In absence of any further material on record to show the disability than what is told in disability certificate, we deem it appropriate to assess the disability at 60% in the present case. 23. So also the finding recorded by the tribunal that the claimants are entitled for a sum of Rs.2,00,000/- towards future attendant charges has no basis. We are of the opinion that having regard to the nature of injuries, ordering Rs.1,00,000/- towards future attendant charges would meet the ends of justice. 24. In view of the foregoing discussions, the claimant would be entitled to the following modified compensation. Pain and suffering Rs.1,00,000/- Loss of future happiness and amenities Rs.2,00,000/- Loss of income during the treatment period Rs. 45,500/- Incidental charges Rs.49,000/- Medical expenses Rs.3,29,500/- Future attendant charges Rs.1,00,000/- Towards loss of future income Rs.4,86,000/- TOTAL Rs.13,10,000/- 25. Thus, the claimants would be entitled for total compensation of Rs.13,10,000/- as against Rs.16,26,000/- awarded by the Tribunal with interest at 9% per annum from the date of petition till the date of realization.

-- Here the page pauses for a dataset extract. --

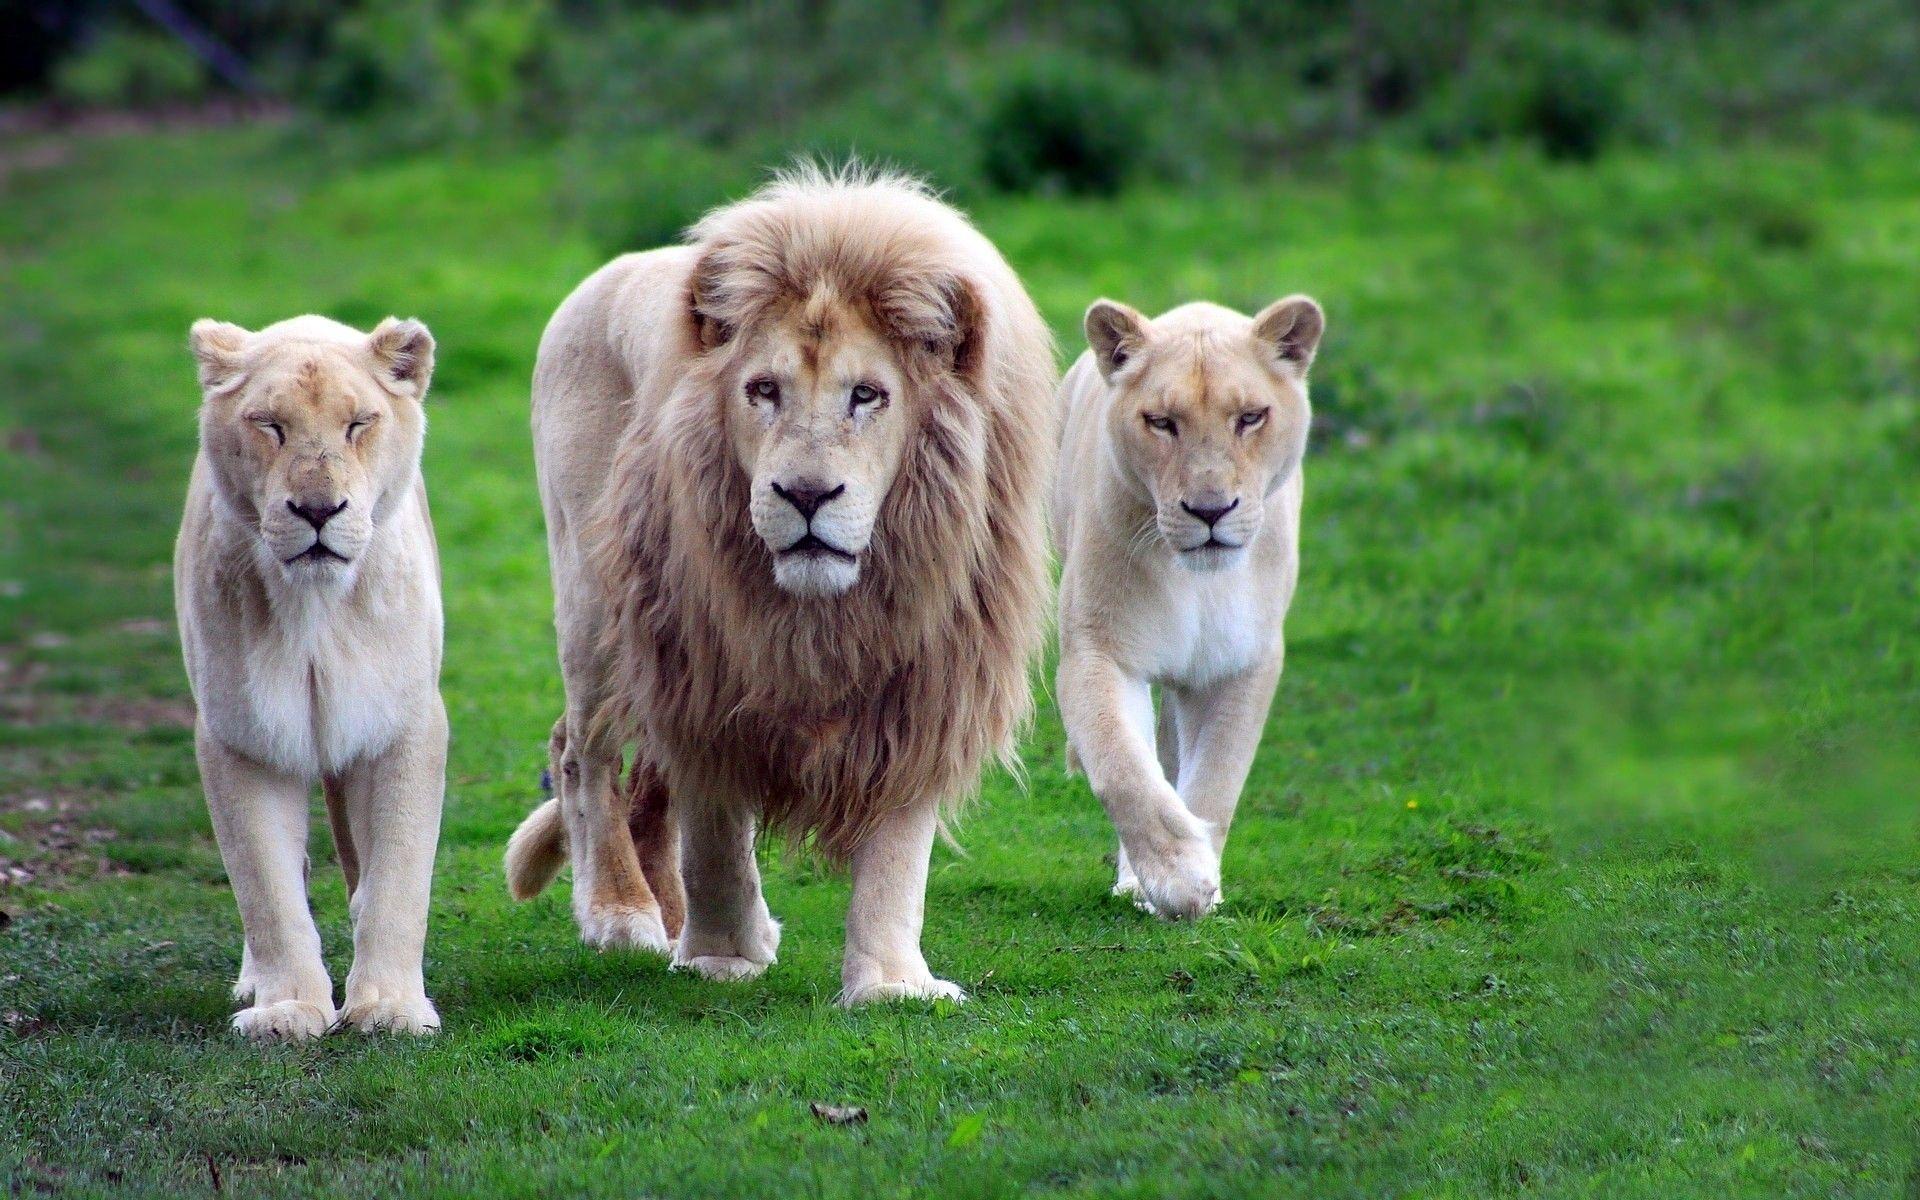 Nature animals lions wildcat white lions africa wallpaper

Accordingly, we proceed to pass the following: ORDER (i) The appeals are allowed in part. (ii) The judgment and award of the Tribunal is modified to the extent that the claimants would be entitled for total compensation of Rs.13,10,000/- as against Rs.16,26,000/- awarded by the Tribunal with interest at the rate of 9% per annum from the date of petition till realization. (iii) The apportionment, deposit and disbursement shall be as ordered by the Tribunal in the same proportion. (iv) Draw the modified award accordingly.